Coefficients for exponential random graph models for fighting edges in the 2011–12 season. The first model uses the actual number of fighting penalties given to each player and actual differences in fighting rates to estimate the likelihood of edge formation, the second model uses the numbers of fighting penalties predicted by the negative binomial models.
*p < .05; **p < .01; ***p < .001.
In summary, dyadic similarity in fighting rates (a proxy for enforcer status), is a large positive predictor of whether two players will fight. Probabilistically, enforcers should fight one another frequently given their collective proclivity to fighting behavior, but the ERGM coefficients reveal an additional level of attraction between enforcers and/or avoidance between enforcers and non-enforcers.
Calculated fights among enforcers and network visualization
Visualizations of the broader fighting network better illustrate how the situational, distribution, and interactional changes are intertwined. Prior models of fighting penalties per player and seasonal fighting networks suggest that the fighting network will have a dense core of enforcers/low-scoring players and a sparse periphery. It is also expected that the edges closer to the core of fighting networks will contain a higher rate of “calculated fights”, given that enforcers should appear more frequently in the center of the network, enforcers participate in more calculated fights, and enforcers should have sufficient career-driven motivation to fight one another.
Figure 6 provides a multi-paneled network visualization of fighting pairs during a 7-season period from 2005 to 2012, between the NHL labor disputes of the 2004-05 and 2012-13 seasons and when enforcer specialization is near its peak. The network includes 1306 players (goalies, players with no goals or assists, or players with less than 20 games during this period are again omitted) and 3891 fighting pairs. Network visualization focuses on the largest connected component, which contains 700 players and 3576 fighting pairs. Figure 6(a) shows the network layout with edges repressed to better highlight the nodes. It reveals the predicted core-periphery structure, with the core being mainly comprised of players who have lower scoring rates. (a) (top) -The largest connected component of the fighting network from 2005 to 2012, edges are repressed, and nodes are colored according to their percentile scoring rank. (b) (bottom) - the largest component of the fighting network with an identical layout to 6(a), but with nodes repressed instead of edges. (c) Fighters are divided into five adjusted quantiles based on fighting rate per game. Each cell shows the number of fights occurring between quantiles in parentheses, with squares sized proportional to fight counts and colored according to the percentage of calculated fights.

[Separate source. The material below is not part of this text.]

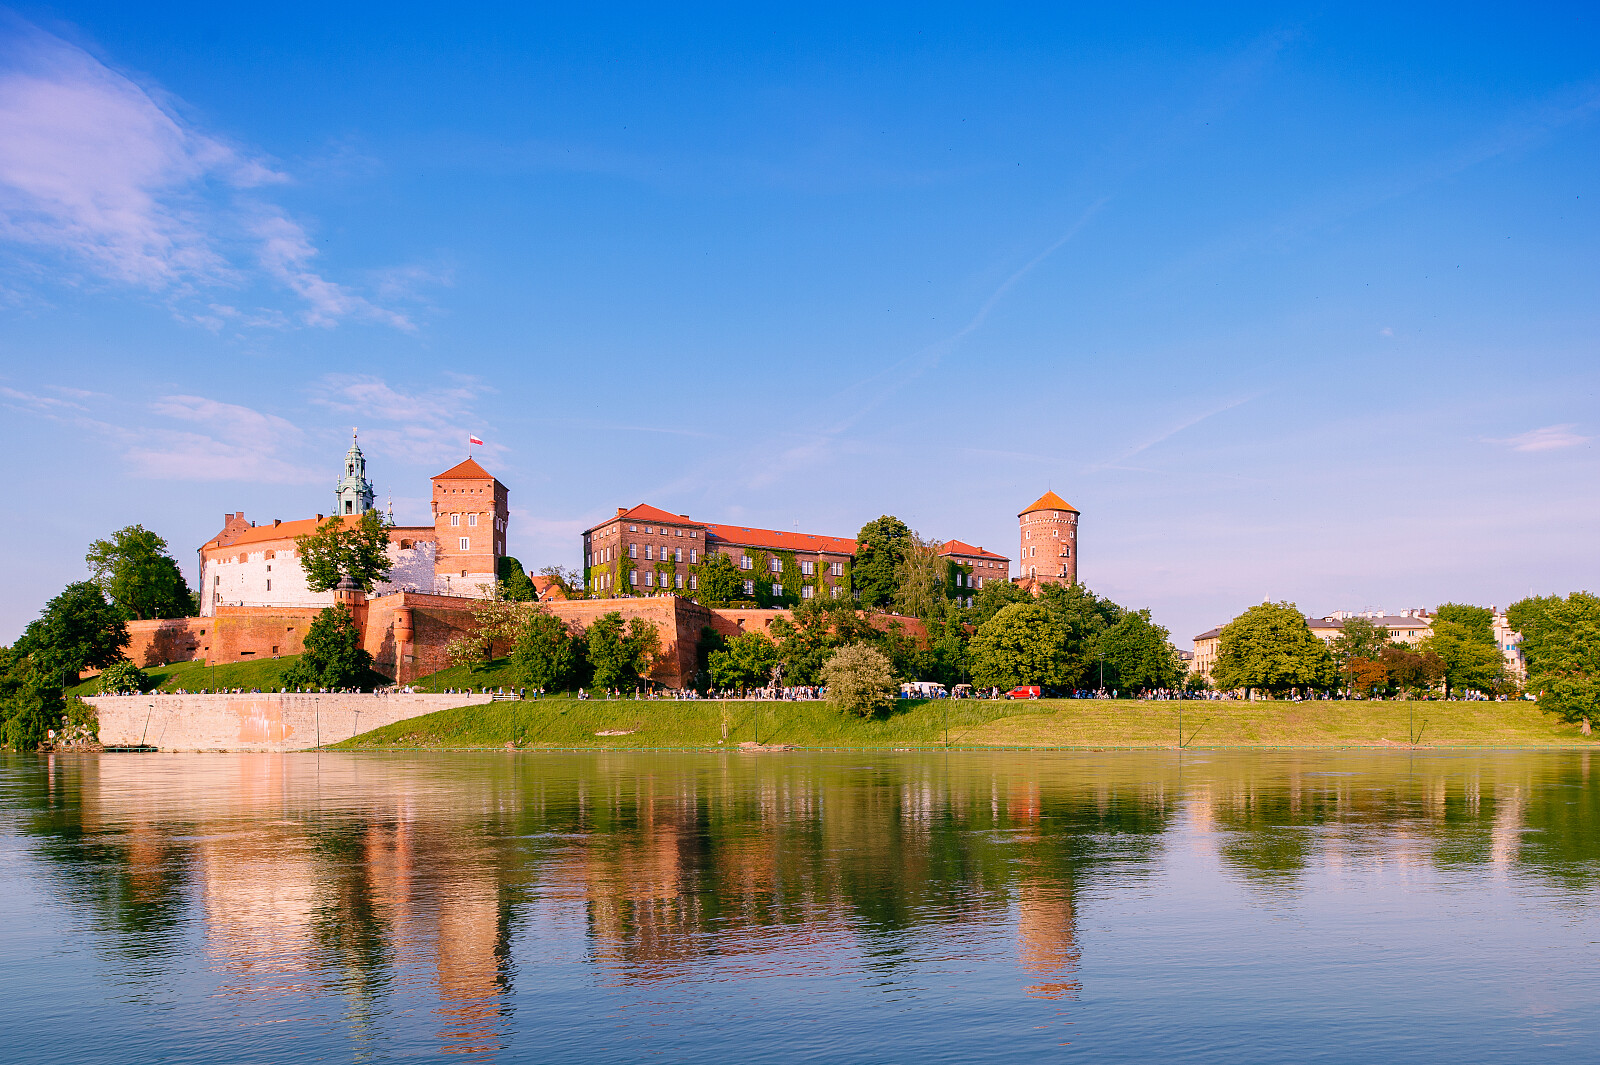 view-at-wawel-castle-in-cracow-city-krakow-poland-reflected-in-vistula-river-wisla-in-sunny-summer-day.jpg [12.32 MB]

The network visualization in Figure 6(b) has the same layout as the network in Figure 6(a), but nodes are repressed instead of edges. The 963 edges (25.5% of all edges) that represent a “calculated” fight are highlighted in purple and are located disproportionately in the core. This is illustrated more clearly in Figure 6(c), which shows a tabular classification of fights based on the fighting rates of both fighters. Fighters are assigned to one of five adjusted quantiles based on their fighting rates, such that the players in each quantile participate in roughly 20% of the fights observed. The size of each square is proportional to the number of fights between members of each quantile. Each square is colored according to the percentage of those fights that are within 10 s of a faceoff. Confirming earlier findings, the squares along the diagonal of the graph tend to be larger than squares that represent lopsided matchups. Furthermore, the squares towards the top right corner of the heat map are lighter in color, again showing that fights between enforcers are more likely to occur after a faceoff.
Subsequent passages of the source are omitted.